Will this summer EVER end?

Okay, I had to post that little whine, just because I’m so sick and tired of this heat! We’ve been fortunate that both central AC units are relatively new–neighbors right and left have been having repairmen come out and/or new units put in. A halfway decent central AC/furnace combo runs a “cheap” $4000 to an expensive $10,000, depending on the brand, for about a 3.5 to 4 ton unit. You know things are bad when people start replacing those things, but the constant heat at 100+ days will kill a unit that’s not up to par.

Speaking of heat killing stuff, there’s the garden. Yeah, it’s hanging in by its fingernails…well, all except for Katherine’s. Her garden is kicking butt! Huge cantaloupes, personal sized watermelons, sugar pumpkins, zinnias of all colors, 4 o’clocks, marigolds, catnip–I’d be impressed in normal weather, but with this heat wave and it doing so well? I still say there are a bunch of gardening fairies out there working overtime since it’s her first garden and nothing encourages a green thumb like having great results.
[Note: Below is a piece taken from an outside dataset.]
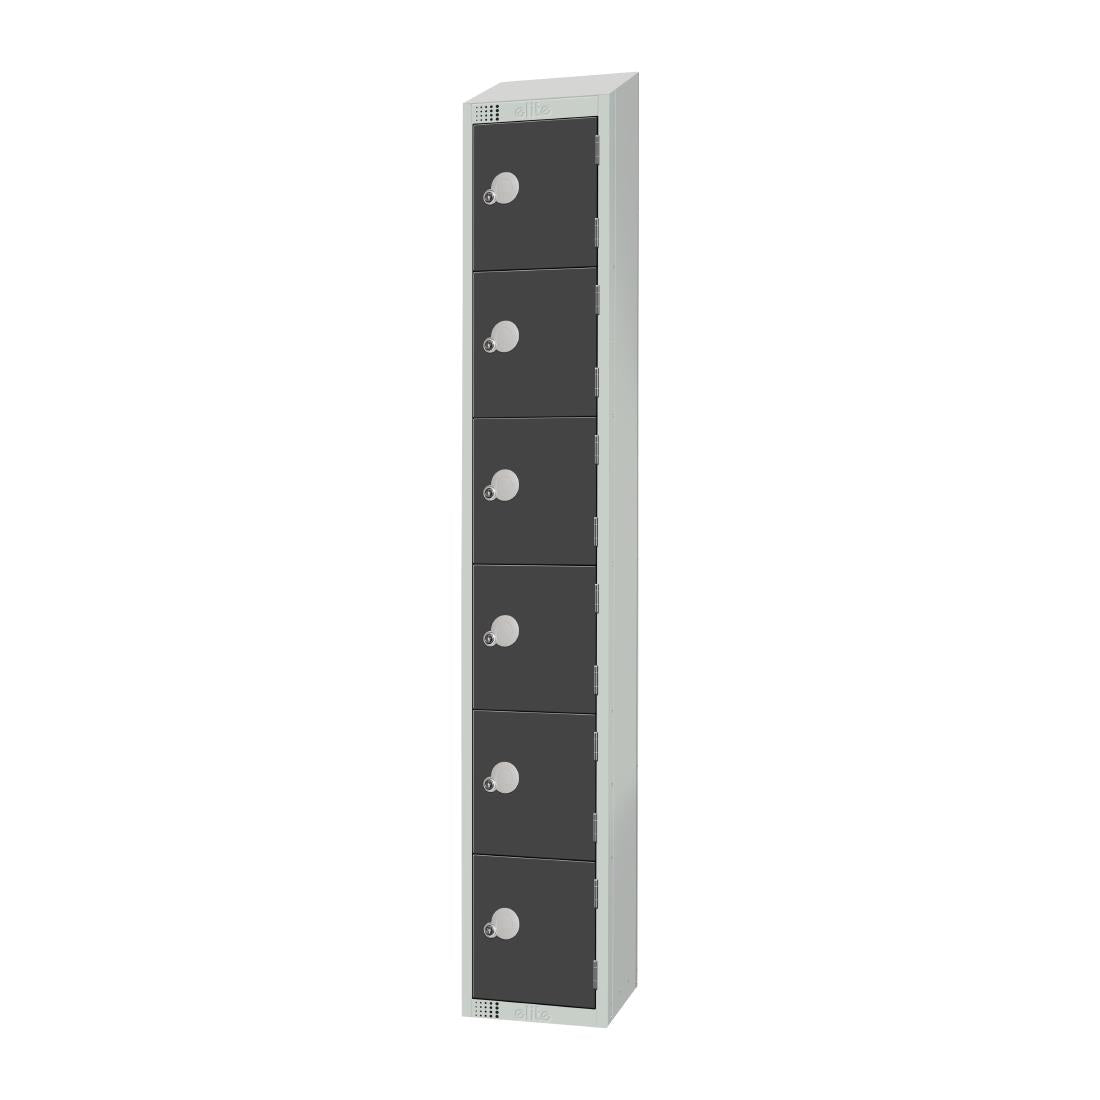 GR682-CLS Elite Six Door Manual Combination Locker Locker Graphite Grey JD Catering Equipment Solutions Ltd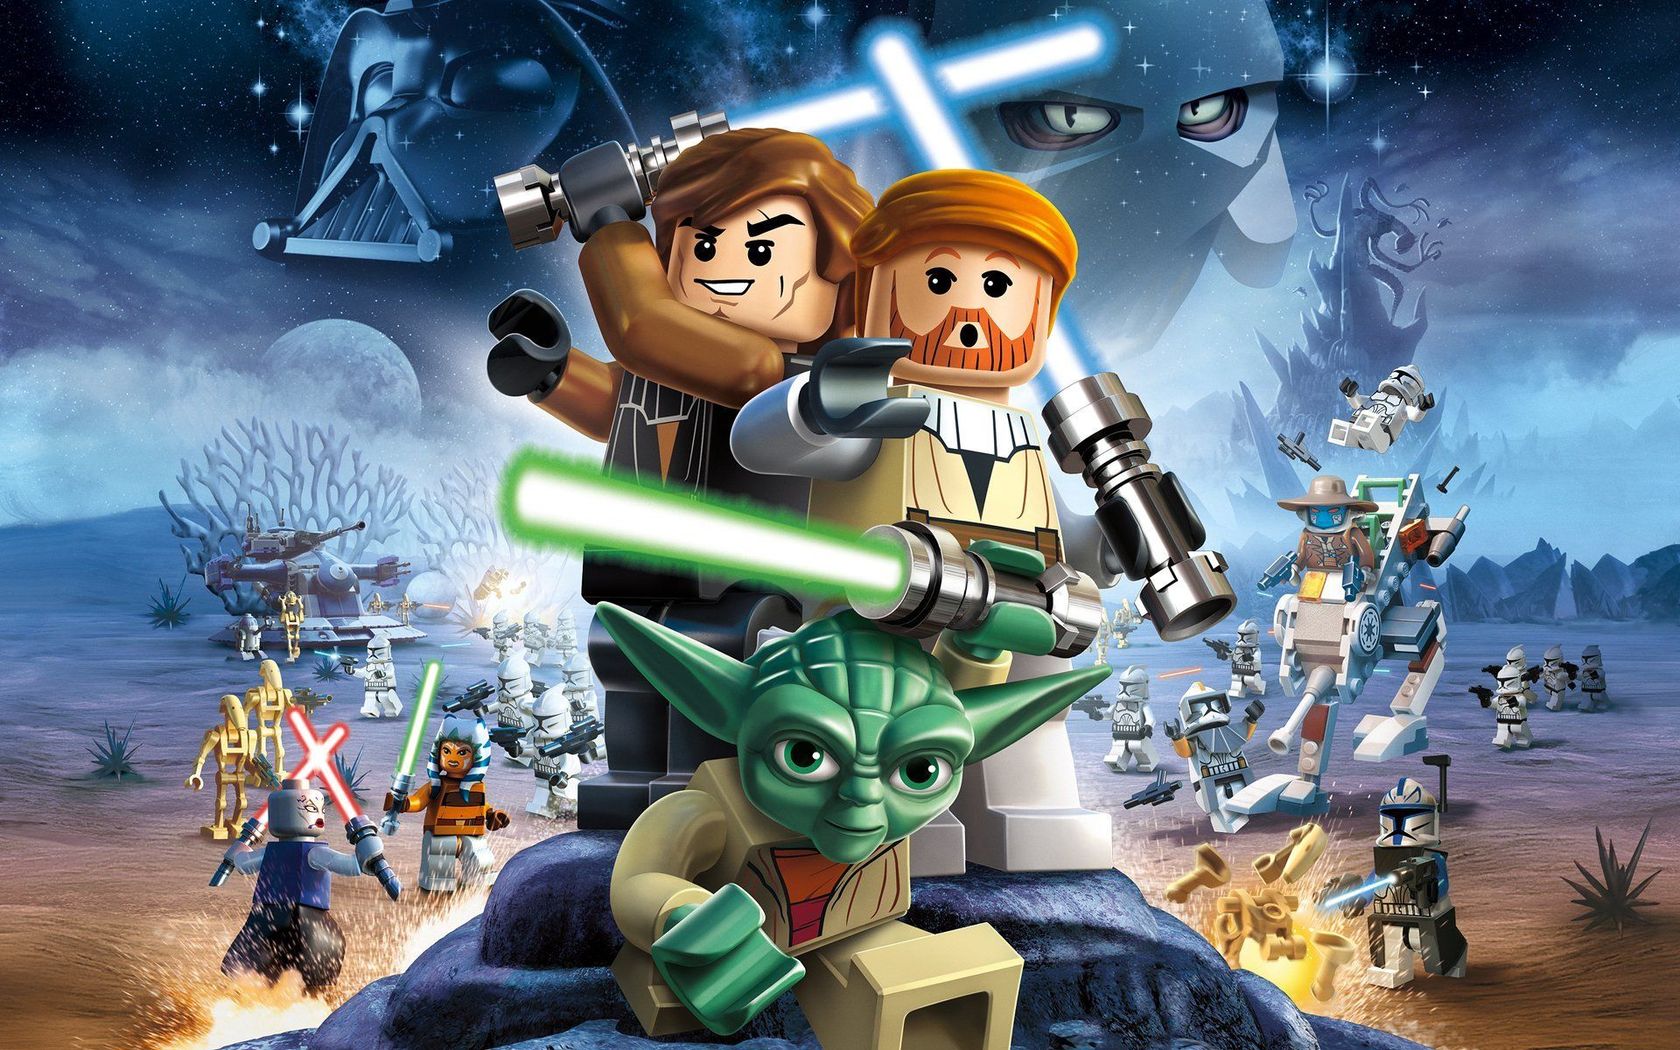 Lego Star Wars wallpaper 17235

I may have her plant my garden this next time around!

I’m trying to get my schedule back on track. I juggled around my days off to take that little beach trip, and I took Tuesday night off since it was our eleventh wedding anniversary. Katherine spent the night with her aunt while Bill and I had dinner at the Ounce Steakhouse. It’s a little on the pricey side, but for a special occasion it’s definitely worth it. Best steaks hands down from anywhere we’ve tried, including Ruth’s Chris, service is great, atmosphere very romantic. Hubby had flowers delivered earlier in the day from the same florist friend who had done our wedding flowers–a sweet way to start reminiscing about our wedding and the years we’ve been together. We had a wonderful day and evening, but now I’m trying to get my days back on track. Next week things will be back to normal, so all will be well by then.

I’ve been doing a little writing, working that in around the genealogy research. By being tenacious and visually going through the scanned-in records, I’ve been able to find a lot of census records for various relatives that weren’t showing up in the search index, just for the simple fact they were either misspelled by the original census taker, or the person who added the name to the index transcribed it incorrectly. I find the records, add them to the appropriate pages in my tree and add notations to the index so the records will show up correctly in future searches done by other people. Just when I think I’m at a stopping point, I’ll find another relative, or an entire family, and end up adding them in. With Ancestry’s neat feature, it only takes one click to find out the relation of that person to you, instead of trying to trace it all the way back manually. I found a name last night, found their parents, and with a click identified them as a 1st cousin 4 times removed, so into the tree they went.

I’m also visually scanning old newspapers from 1920s to 1940s, since their index is even less accurate. I remember Grandma had a picture of her and a couple of her sisters she cut out from the newspaper–they were all dressed up, in downtown San Antonio for lunch and shopping. A reporter for one of the newspapers saw them coming down the sidewalk and took their picture. I can’t remember the exact date, but I’m thinking it was from the late 1930s. Since they have the papers online, except for a few dates here and there, I figured I’d flip through and see if I could find it. Yes, I’m that hardheaded that I’d go through years of papers. Besides, it’s really cool to see the headlines and articles from pre-WWII, leading up to that time, recipes, gardening tips, comics, advertisements, etc. Who would have ever thought I’d be sitting with a cup of coffee in 2011, reading the paper from 1932?

So, as I wait out this horrendous heat, I’m occupying myself with indoor activities and dreaming of autumn. I might even take note of some of those gardening tips from the 1930s and 1940s when planning the fall garden this time around. Bet they never had a clue their gardening article would be used almost 80 years later!